DMARC fixes that problem. It gives you control over who can send email as your domain and tells receiving mail servers what to do when someone unauthorized tries.

This guide walks you through the entire DMARC journey, from understanding the basics to reaching full enforcement. Whether you are starting from scratch or trying to tighten an existing setup, you will find what you need here.

What Is DMARC?

DMARC stands for Domain-based Message Authentication, Reporting, and Conformance. It is an email authentication protocol that builds on two existing standards — SPF and DKIM — to protect your domain from unauthorized use.

In plain terms, DMARC lets you publish a policy in your DNS records that tells the world:

1. How to verify that email claiming to come from your domain is actually legitimate.
2. What to do with email that fails verification (let it through, quarantine it, or reject it outright).
3. Where to send reports about who is sending email using your domain.

DMARC was created in 2012 by a coalition of major email providers and senders, including Google, Microsoft, Yahoo, and PayPal. Today it is widely supported across virtually every major email platform.

For a deeper look at the fundamentals, read our article on what DMARC is and why it matters.

Why You Need DMARC

Many business owners assume email security is something only large enterprises need to worry about. That is a dangerous misconception. Small and mid-sized businesses are actually more frequently targeted by email spoofing attacks precisely because attackers know they are less likely to have protections in place.

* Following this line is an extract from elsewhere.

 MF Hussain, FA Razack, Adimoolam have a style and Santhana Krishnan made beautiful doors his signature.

Protection Against Email Spoofing

Email spoofing — where an attacker forges the "From" address to impersonate your domain — is one of the most common tactics in phishing attacks. Without DMARC, there is nothing stopping a bad actor from sending an email that appears to come from billing@yourdomain.com and tricking your customers into wiring money or sharing credentials.

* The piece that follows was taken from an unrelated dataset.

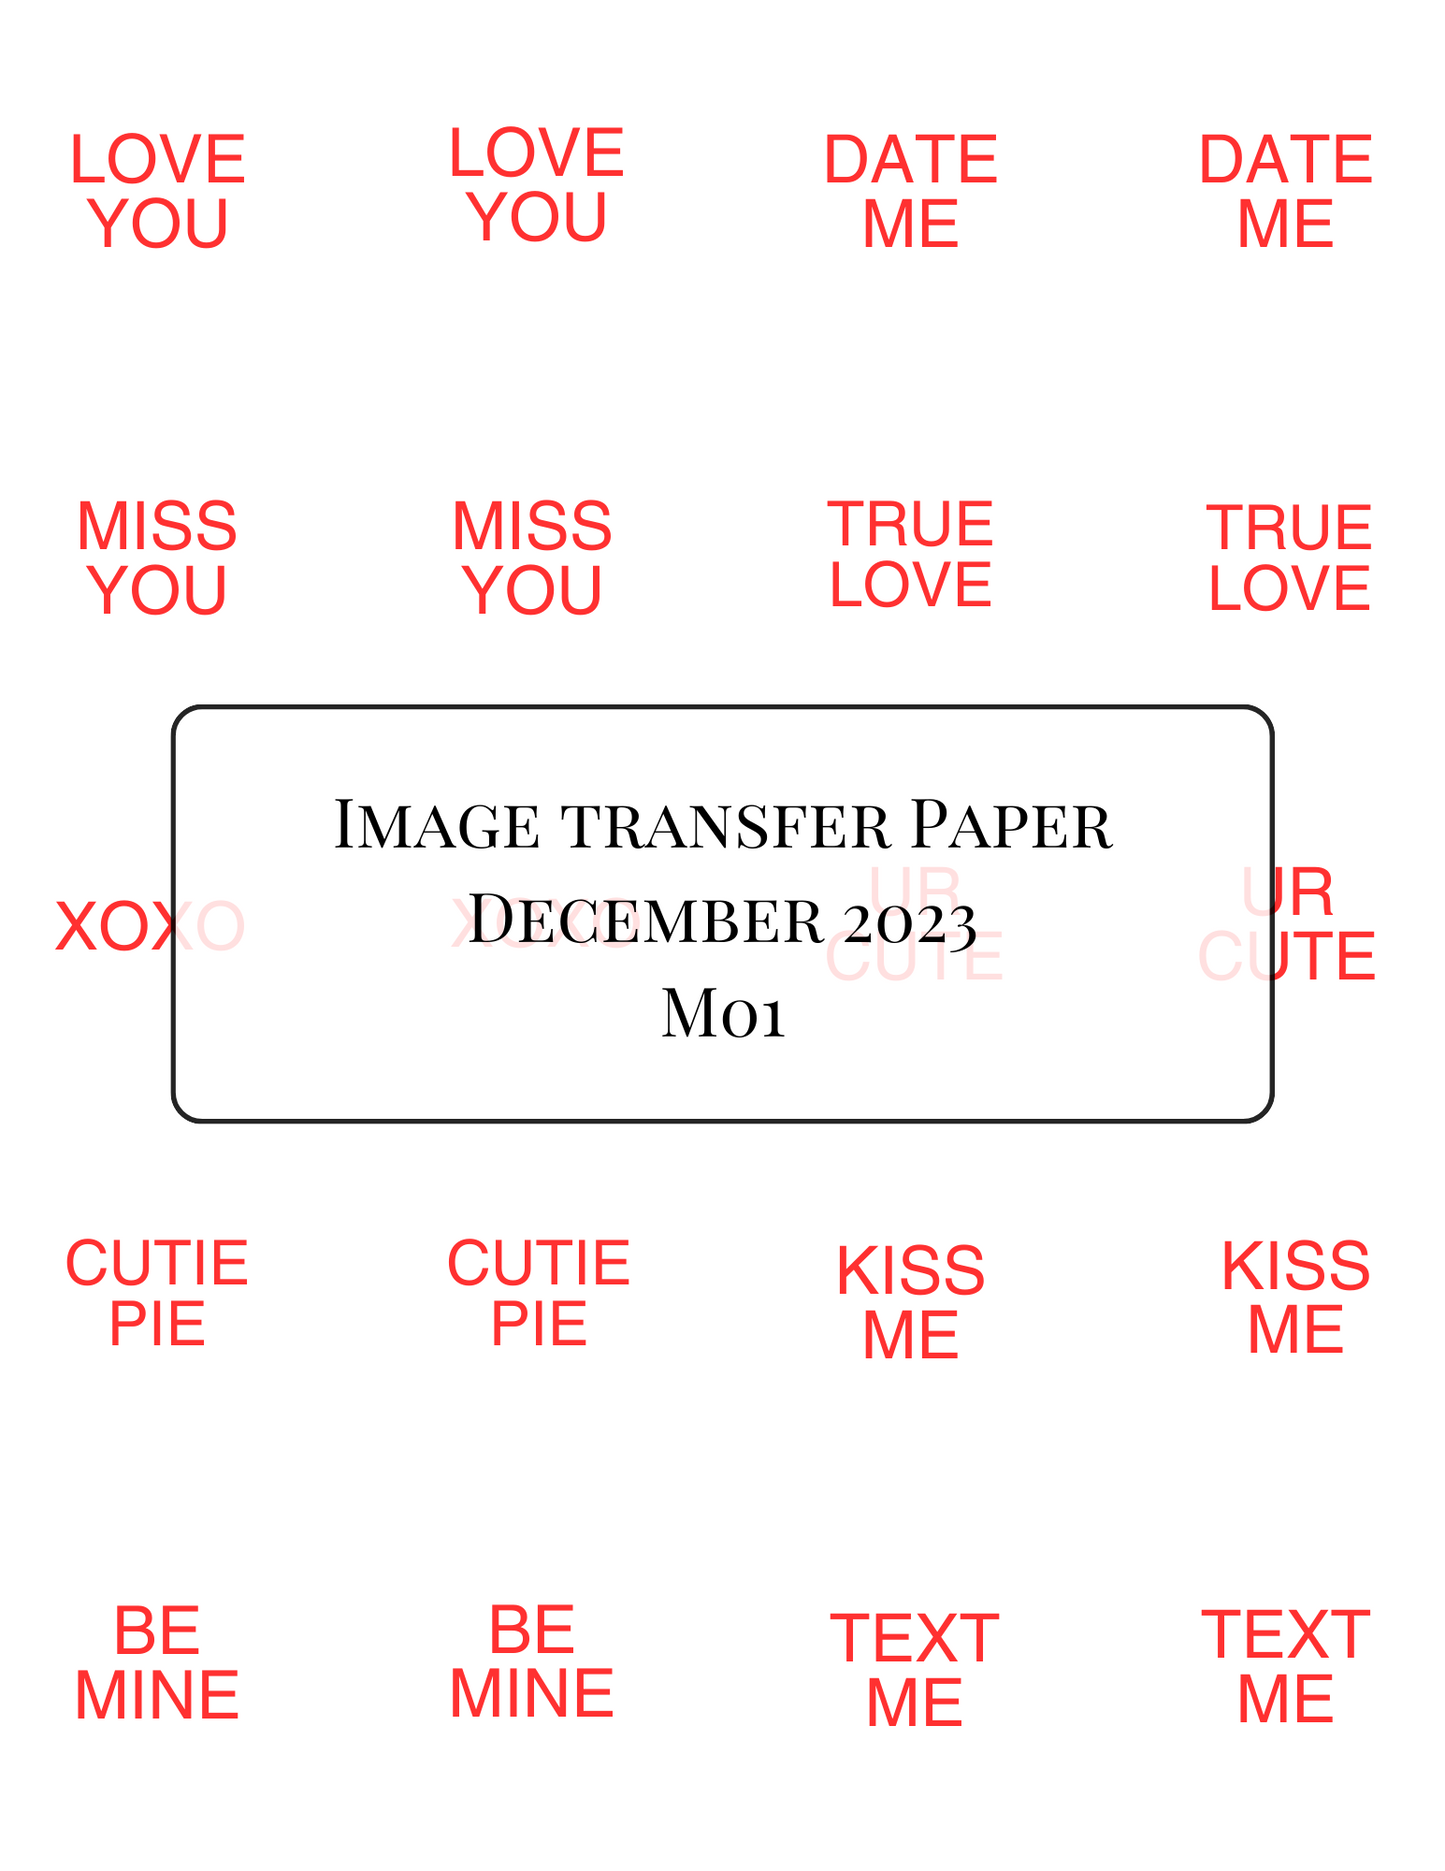 M01 Transfer Paper - December 2023 Launch

DMARC gives receiving mail servers the information they need to detect and block these forged messages before they reach anyone's inbox. Learn more about how DMARC prevents email spoofing.

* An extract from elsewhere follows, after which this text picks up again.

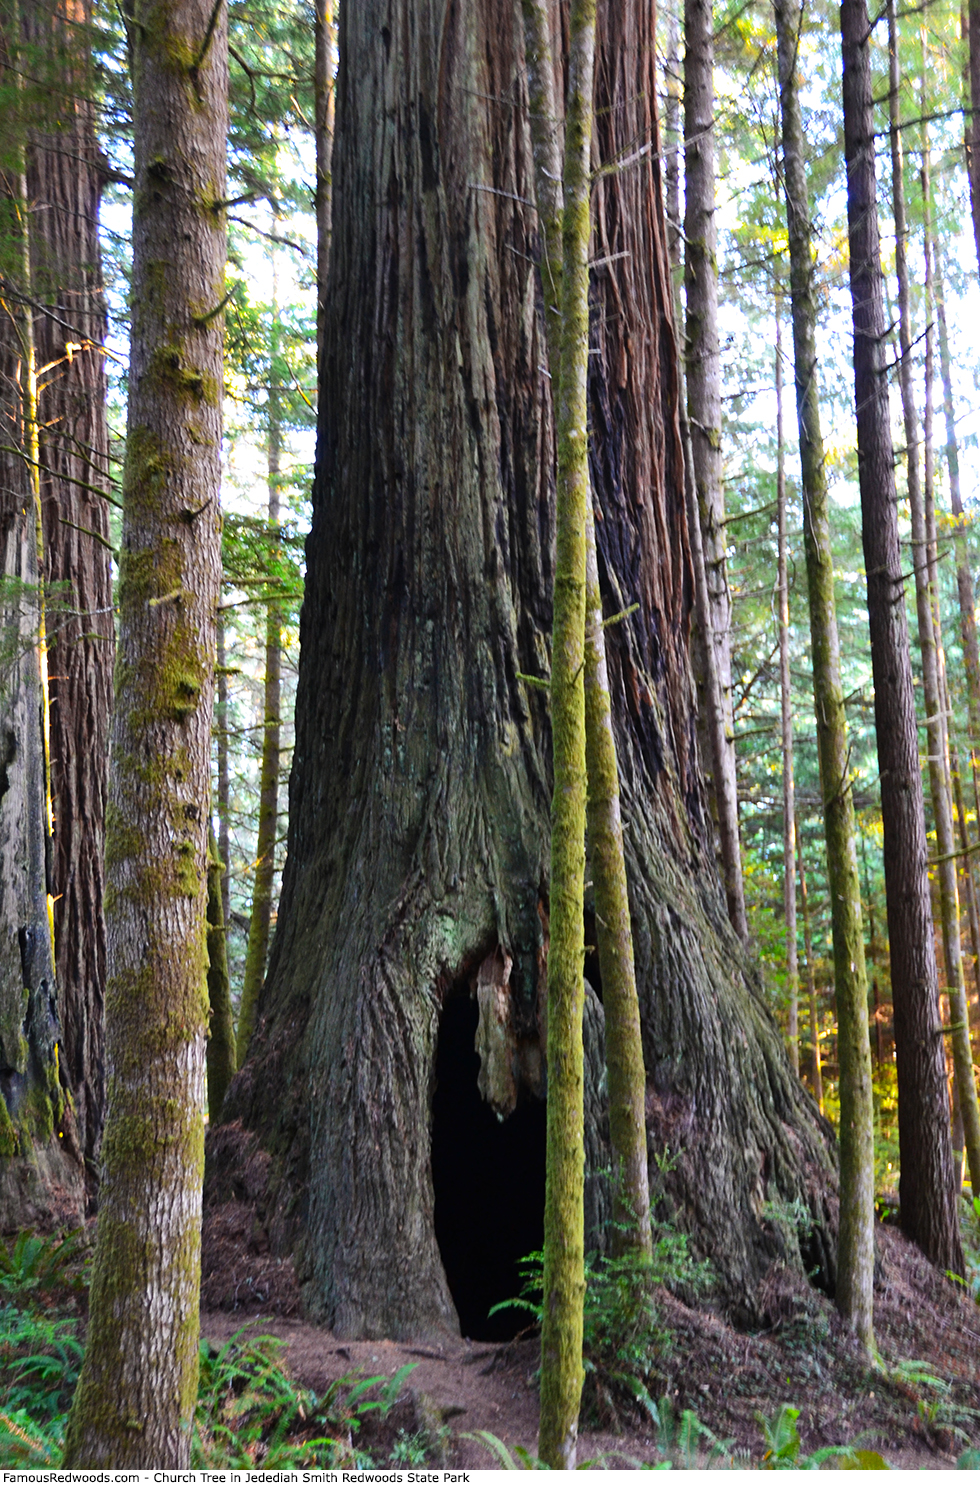 Jedediah Smith Redwoods State Park - Church Tree

Better Email Deliverability

DMARC does not just block bad email — it helps your legitimate email get delivered. Major inbox providers like Google and Microsoft use DMARC as a trust signal. Domains with a properly configured DMARC policy see better inbox placement rates because providers can confidently verify the email is authentic.

If you have ever wondered why your marketing emails or transactional messages end up in spam, a missing or misconfigured DMARC record could be part of the problem. Read more about DMARC and email deliverability.

Compliance Requirements

Increasingly, DMARC is not optional. Google and Yahoo began requiring DMARC for bulk senders in early 2024. PCI DSS 4.0 now includes DMARC requirements. Many industries have their own compliance mandates that reference email authentication.

If you are unsure whether DMARC applies to your situation, check out Do I Need DMARC? for a straightforward breakdown by business type and size.

How DMARC Works

DMARC does not work alone. It sits on top of two other email authentication protocols — SPF and DKIM — and ties them together with a concept called alignment.

SPF (Sender Policy Framework)

SPF lets you publish a list of servers authorized to send email for your domain. When a receiving server gets an email claiming to be from your domain, it checks your SPF record to see if the sending server is on the approved list. If it is not, SPF fails.

DKIM (DomainKeys Identified Mail)

DKIM adds a cryptographic signature to your outgoing emails. The receiving server can verify this signature against a public key published in your DNS. If the signature checks out, the server knows the message was not tampered with in transit and was sent by an authorized party.

How DMARC Brings Them Together

Here is where DMARC adds its value. SPF and DKIM on their own have a gap: they authenticate the sending server and the message integrity, but they do not necessarily verify the "From" address that the recipient actually sees.

DMARC introduces alignment — it checks that the domain authenticated by SPF or DKIM matches the domain in the visible "From" header. The message must pass at least one of these checks (SPF or DKIM) and the passing check must be aligned with the "From" domain.

For a deeper dive into how alignment works and the difference between relaxed and strict modes, read DMARC Alignment Explained. For a side-by-side comparison of all three protocols, see SPF vs. DKIM vs. DMARC.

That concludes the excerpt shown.